I believe it’s because there was a long period in human evolution during which it was adaptive to lose the self and merge with others. It wasn’t adaptive for individuals to do so, but it was adaptive for groups. As evolutionary biologists David Sloan Wilson and Edward O. Wilson have proposed, religiosity is a biological adaptation for binding groups together and helping them enter a mind-set of “one for all, all for one.” Groups that developed emotionally intense, binding religions were able, in the long run, to outcompete and outlast groups that were not so tightly bound.

So that’s it, is it? Religion evolved to do what a good coach can do. And it didn’t stop there because … self-transcendence, it turns out, helps too.

Is there any evidence for the existence of this “long period in human evolution during which it was adaptive to lose the self and merge with others”? As opposed to the normal state of affairs in which one must learn to live and work peacefully with others, whatever one’s state of mind? The evidence is that Haidt believes it is so.

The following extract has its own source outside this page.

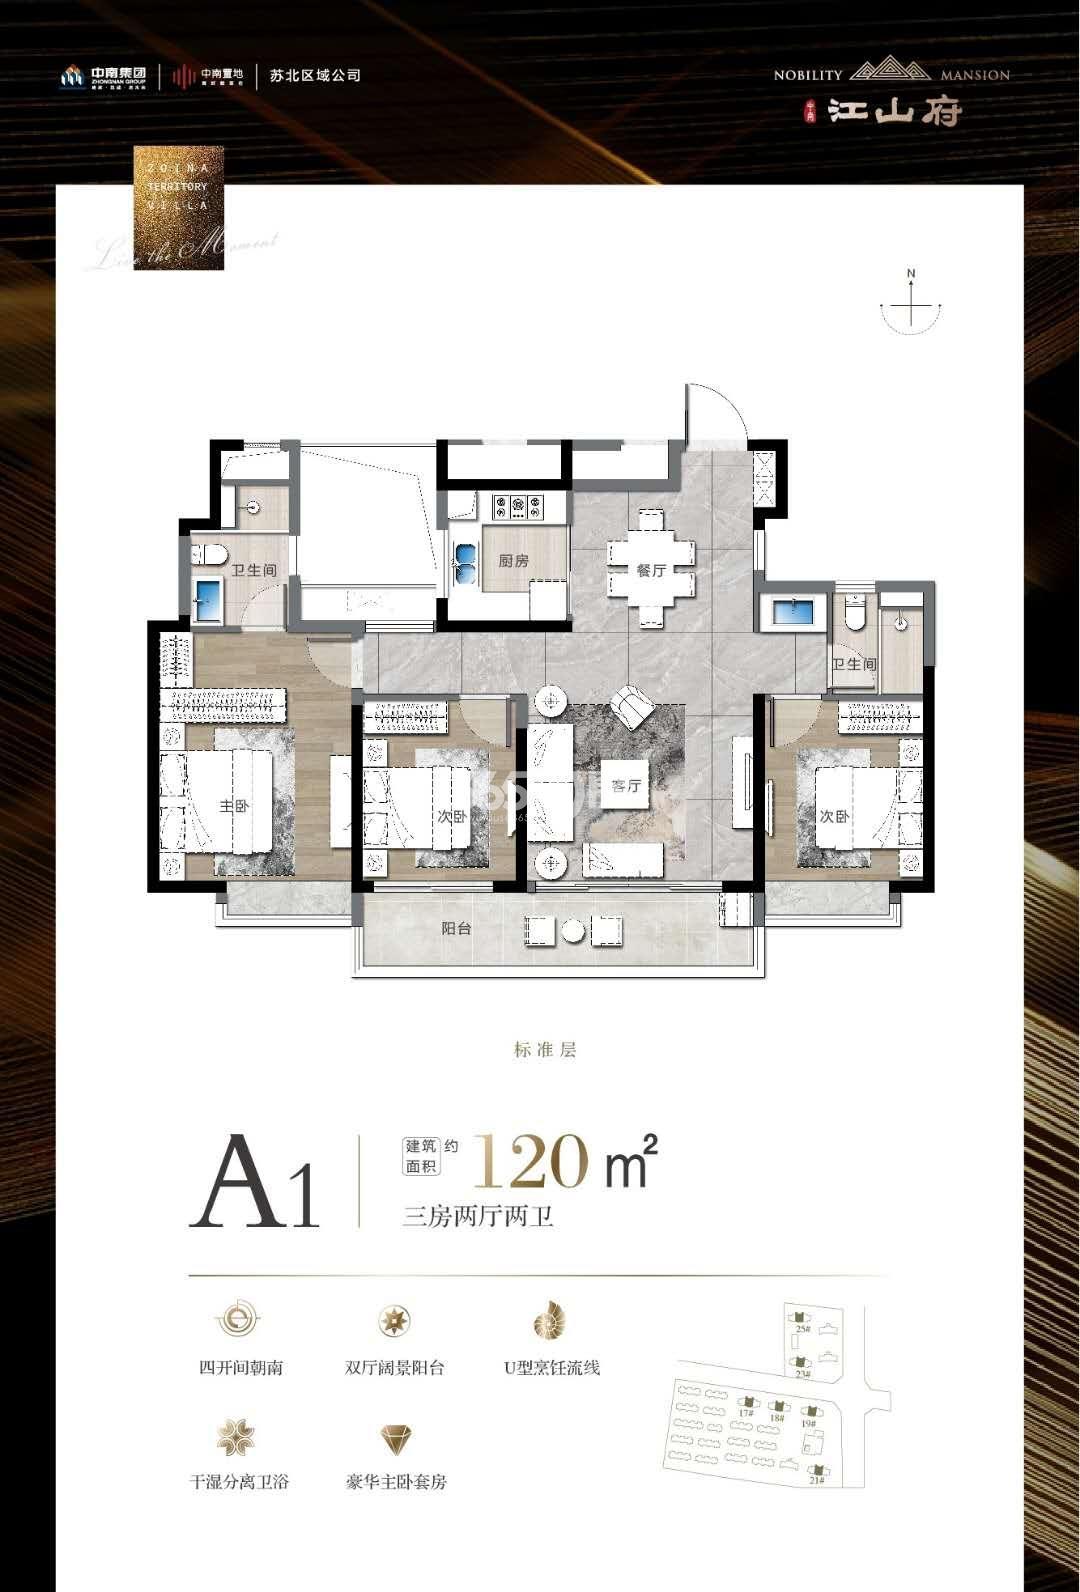 中南江山府 A1户型 三室两厅两卫 120㎡

The mystic’s sense of the oneness of all things is demonstrably irrelevant to the advancement of a group. For that matter, the shaman’s sense of awe at unseen powers is an apprehension, not an adaptation, and it may or may not benefit the group.

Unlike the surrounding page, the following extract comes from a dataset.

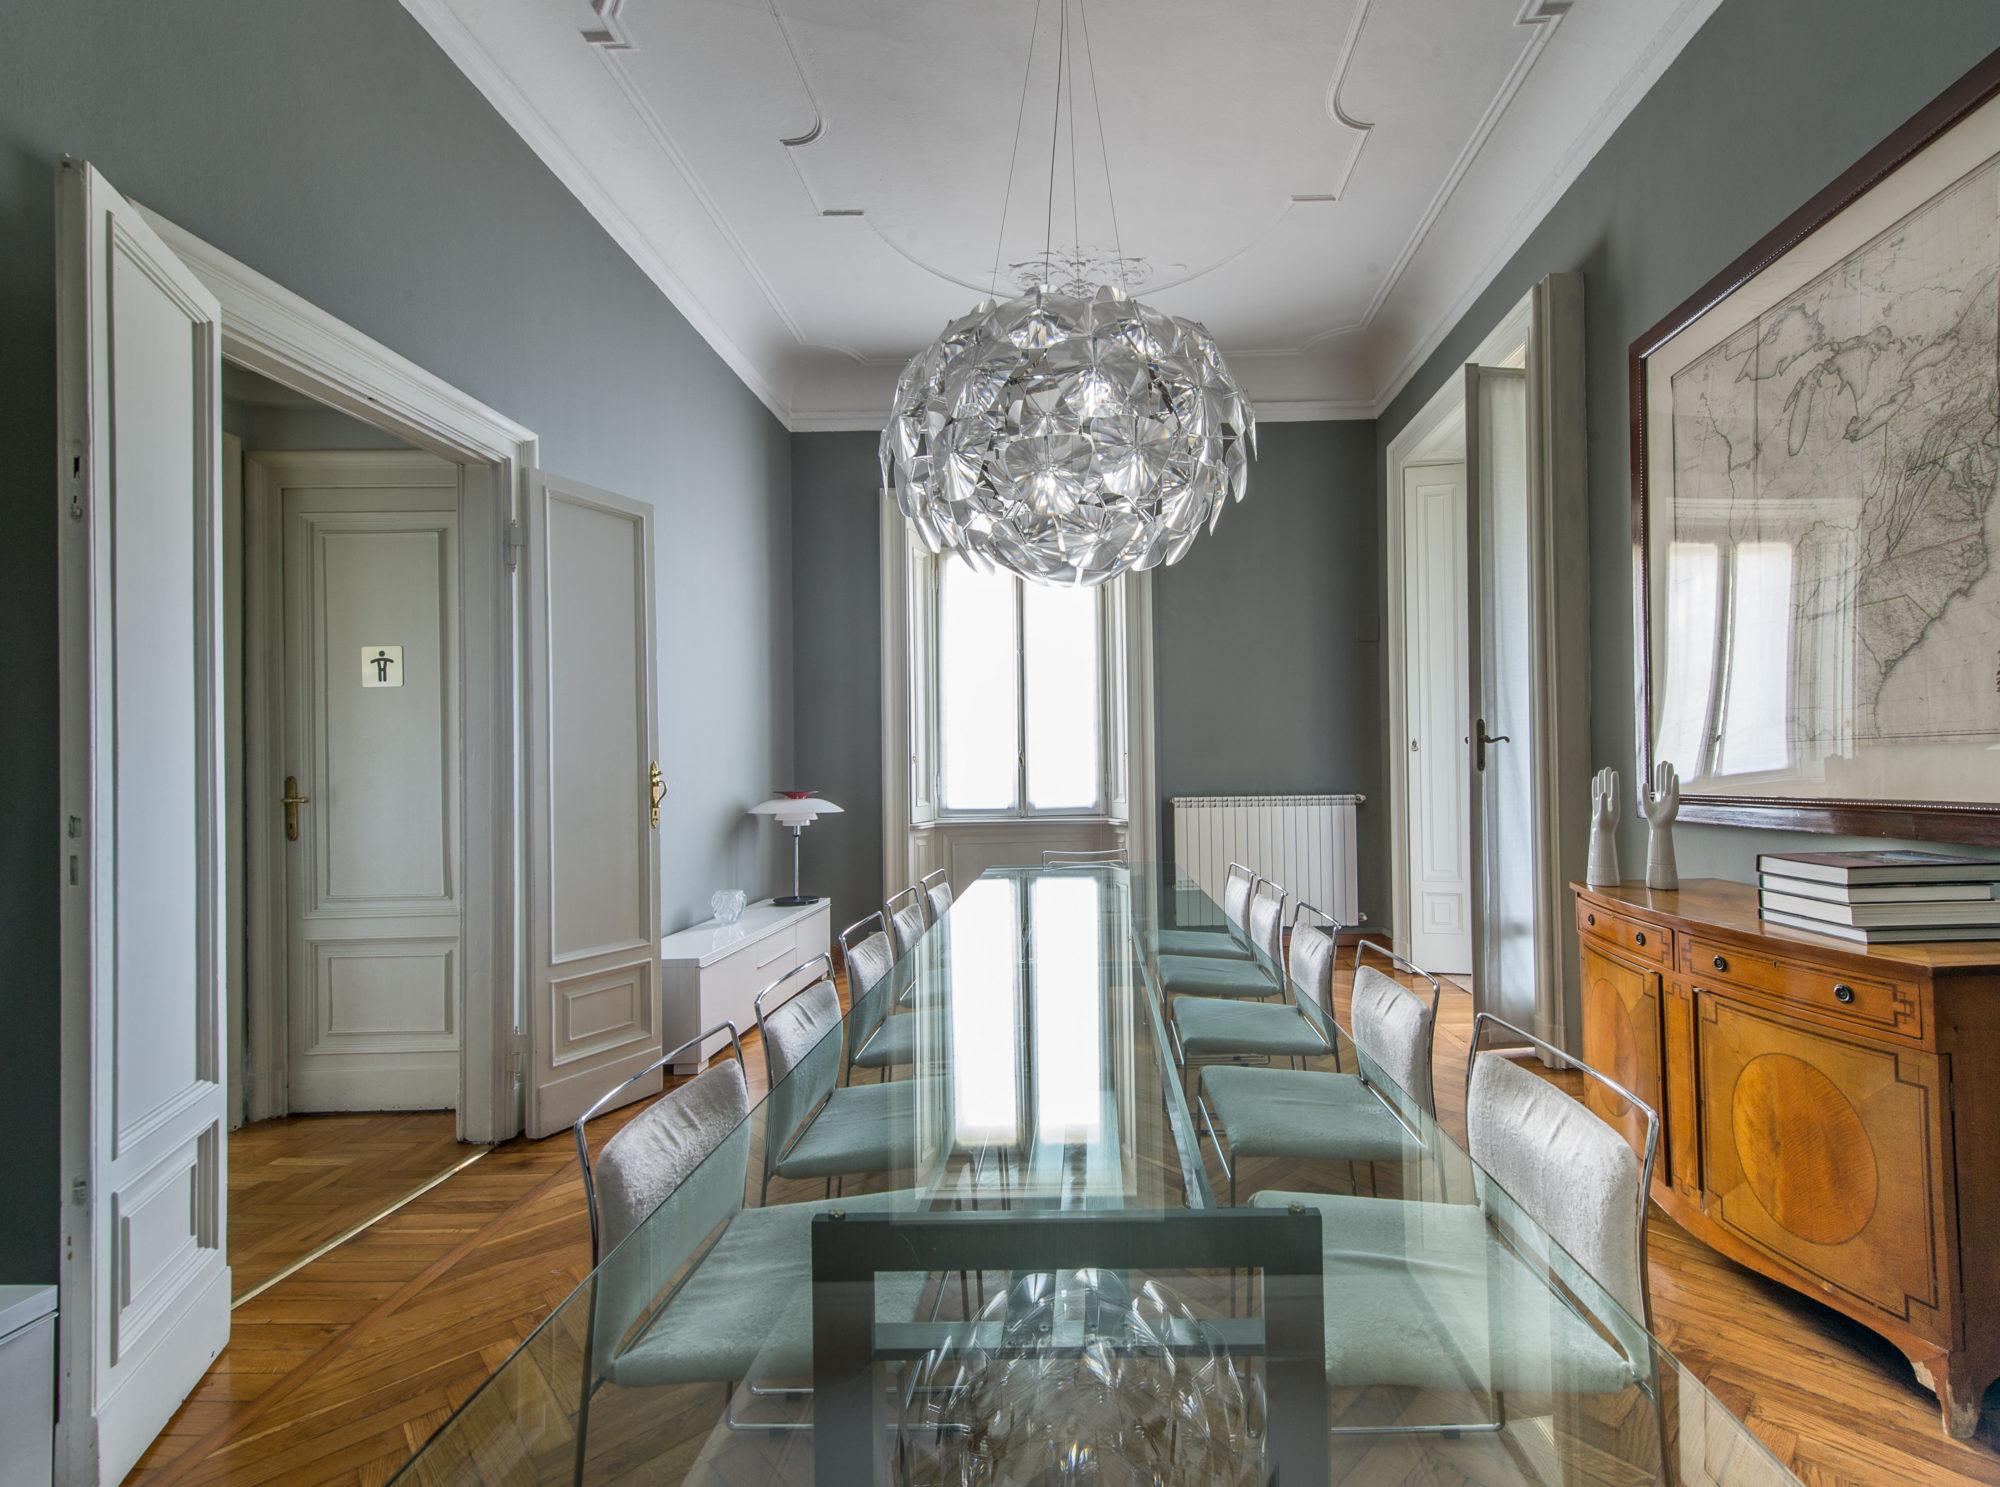 Architetto carlo dal bianco sala riunioni fotografo for Architetto arredamento interni

None of which would matter in the slightest except for the conceit that Haidt’s is somehow a view from science. This is a loss science need not take.

Except for one thing: To the extent that science is merely naturalism (nature is all there is), any faith statement or speculation is acceptable except the view that the mystic or religious person may be in contact with a reality beyond time and space. Irrespective of evidence from his life. In fact, the evolutionary psychology approach to religion exists for no other purpose than to come up with a flurry of contradictory alternatives.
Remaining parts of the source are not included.